▶ [TASK ITEM]: Find the line in the entries below that contains "hitbtc logo". Repeat it exactly, and every line after it through the line that contains "Sam Edelman Women's".

▶ [PROVIDED DATA]:
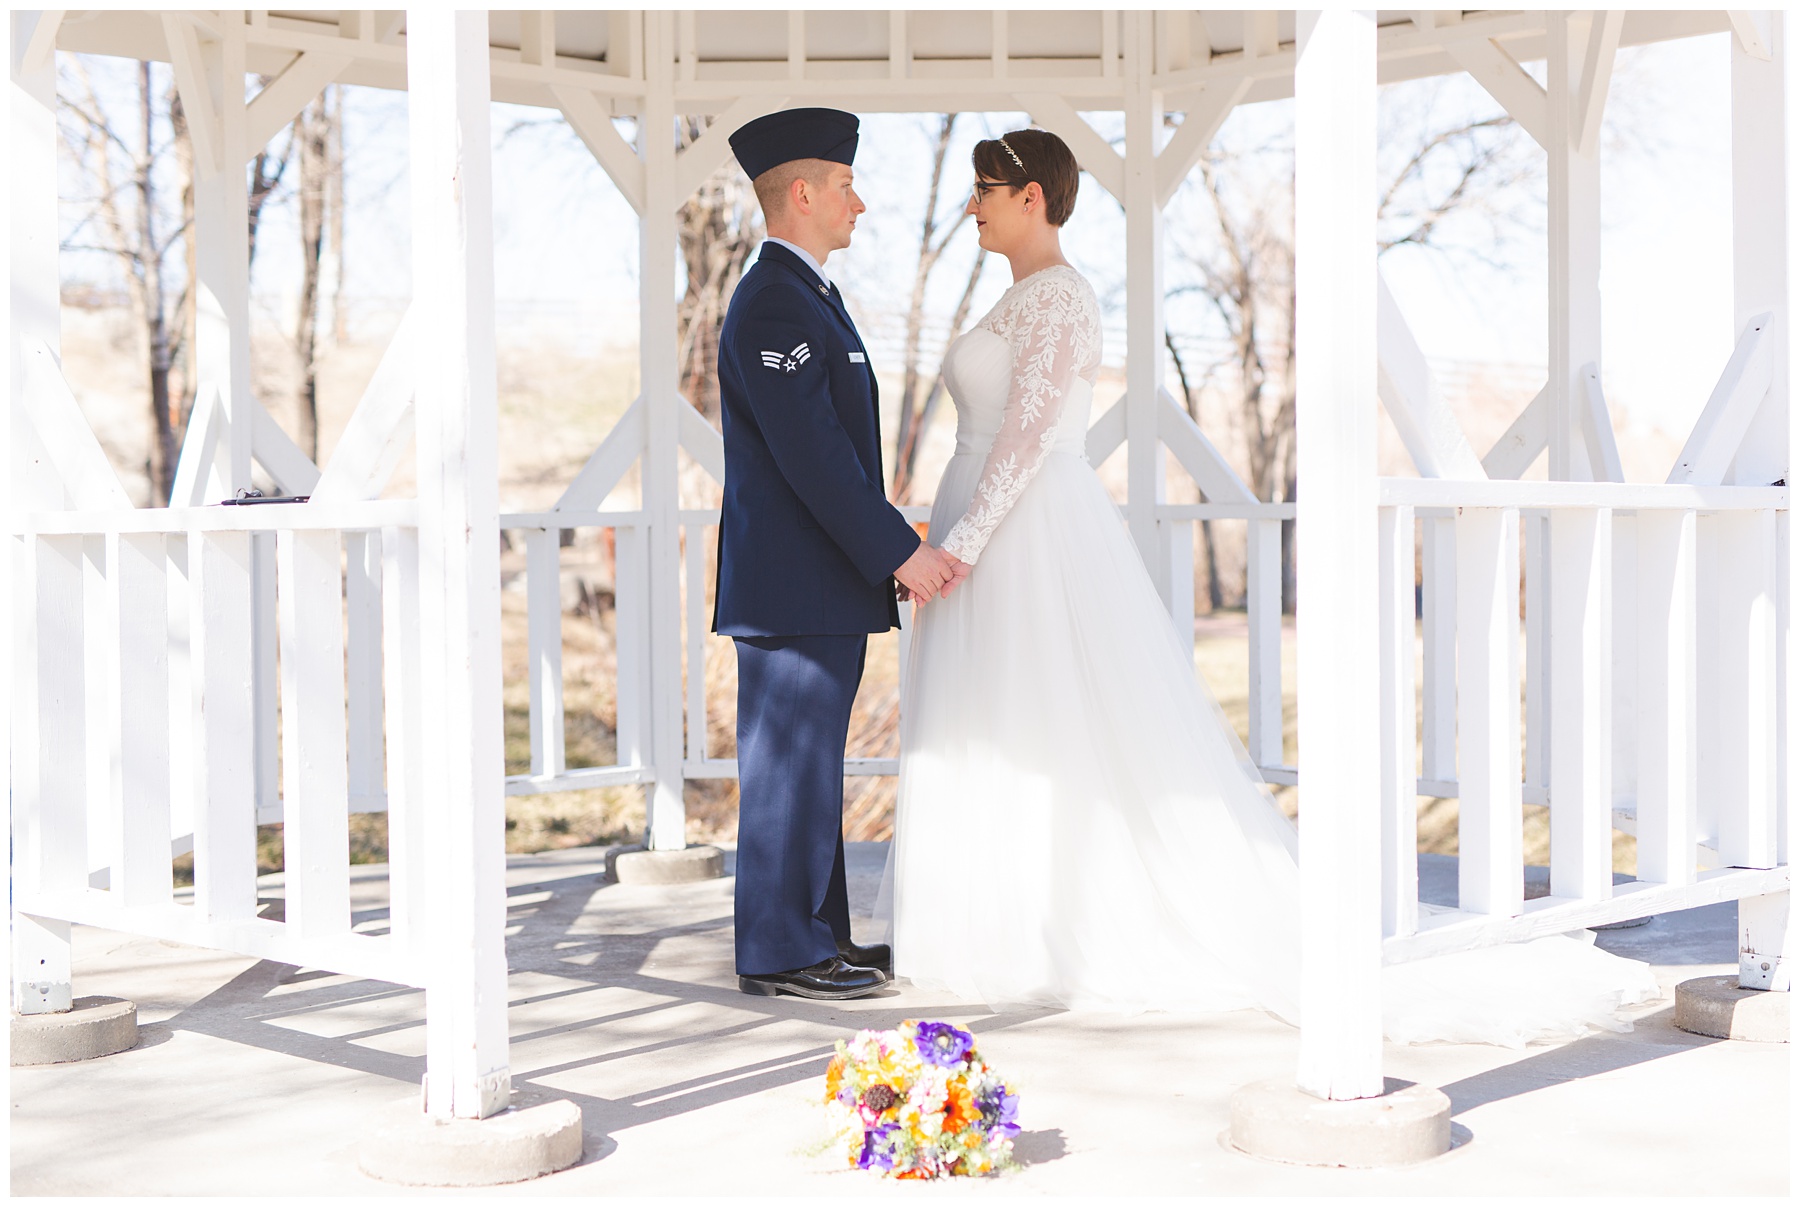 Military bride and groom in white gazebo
==
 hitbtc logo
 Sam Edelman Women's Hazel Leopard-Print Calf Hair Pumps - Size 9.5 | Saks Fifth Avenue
--
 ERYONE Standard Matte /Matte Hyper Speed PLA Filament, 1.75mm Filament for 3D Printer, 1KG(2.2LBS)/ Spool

▶ [REPLY TO THE TASK]:
 hitbtc logo
 Sam Edelman Women's Hazel Leopard-Print Calf Hair Pumps - Size 9.5 | Saks Fifth Avenue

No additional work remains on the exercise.